Georges Hartmann & Gabriele Hartmann - bon-say-verlag

Letter salad & reading room

Year of publication: 2020

2020, bon-say-verlag, 44 pages, 22 color images, 10 €, currently only available directly from the publisher


Further information

Text samples, tables of contents, bibliographical information, sources of supply (not all elements available at the same time)

a double book with Haiku, Haiga & Haibun by Georges & Gabriele Hartmann
the highlight: this book starts over twice
Double book, ring binding, 2 x 22 pages with 22 colored illustrations
A treat!


Review Rüdiger Jung

A truly Janus-headed work. If I leaf from one page to the middle of the book, I find myself in Gabriele's “reading room”. If I turn the book 180 degrees, Georges treats me to “alphabet salad”.

The “alphabet salad” by Georges comes across as modest, you shouldn't be blinded by it: It's about vitamin-rich food, vitamin B like “basho” and empathy for fellow creatures.

the blackbird bathes
in the babbling village fountain
I would like to do the same for her (p. 5)

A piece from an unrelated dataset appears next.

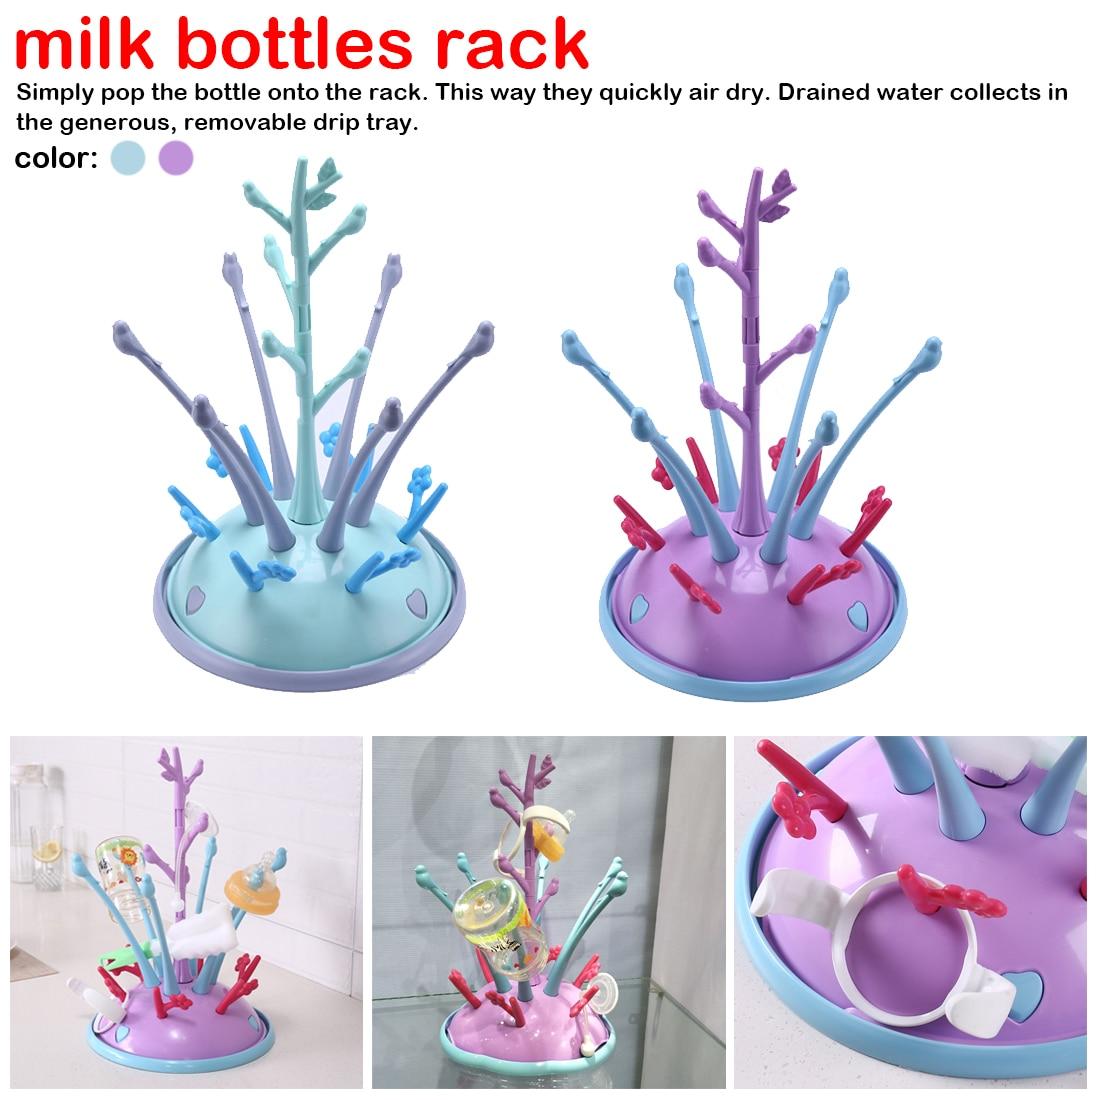 Bottles Drainer Bottle Holder For Feeding Drying Cup Rack For Babies Bottle Drying Rack Portable Drying Rack For Baby

He doesn't have to be mentioned - the "worried" loser - and yet he has our full sympathy:

Tug of war in the grass
and again the blackbird flies
as the winner from the pitch (p. 11)

Günter Kunert writes in one of his poems about flying fish that are thrown away because of the lack of singing. On the same level as this, Georges writes:

disappointed customers
the magic carpet
without navigation system (p. 12)

Showing love sometimes has the enemy time:

Now that you're gone
the roses are in full bloom
want to show you (p. 17)
As long as nature outlives human testimonies, there is cautious consolation:

the dog roses
on the disused railroad track
blooming like every year (p. 20)

Georges Hartmann's haiku always seem strongest to me where they show abandonment, evoke the melancholy of the ephemeral:

After the end of the season
played on the mini golf course
all alone the wind (p. 5)

The little cardboard sign
at the door to the ice cream parlor
shimmers in the autumn light (p. 18)

Dancing snowflakes
but the sledge in the cellar
only knows the dust (p. 21)

To describe the haiku poet Georges Hartmann, this aspect is only "half the battle". There is another side of downright Taoist equanimity:

In the glow of the sun
the dog bothers at the front door
not on the cat (p. 10)

The fog may be a reality; it is not impenetrable:

In the thick fog
I hear the bright laughter
playing children (p. 17)

Not a handicap that cannot be made into something - even in winter:

It's snowing again outside
he reads the signatures
on the leg cast (p. 21)

It doesn't have to be the escape from the rain that leads me into the “reading room” - even if the eponymous Haiga on page 2 suggests this possibility. There is always a lot to discover - from the simple and profound snapshot:

Barrel organ game
deep in our pockets
the hands (p. 11)

to unreserved introspection:

the desire for an old stitch
to scratch (p. 14)

The "gray suburb" almost forces the misreading of "gray prehistoric times", where the narrowness of the past seems spatialized and downright disturbingly present:

gray suburb
the sin
new shoes (p. 14)

"Old pond" is more than just a throwback to basho; a famous fairy tale by the Brothers Grimm also gets a second chance:

old pond ...
I throw again
the golden ball (p. 12)

The Zen root of haiku poetry, MU as "awakening to the fact" reminds me:

the canvas is purring
together (p. 11)

Apparent embarrassment, apparent failure turns out to be a gift of success:

chew on the brush
trying to paint silence
remains snow (p. 13)

Mastery is especially to be awarded to the Haibun. “Eau de Cologne” is not about perfume, but about high-proof drinks and their potential danger. In the midst of sayings that play down, lull, and trivialize, two coasters on half-full glasses become an act of confession, which - the final haiku suggests - is easier to do in pairs:

Rhine terraces
against the current
two fish (p. 19)

For me, "Lent" (p. 7) is already - and not just because of the reminiscence of Camus - THE haibun of the corona pandemic.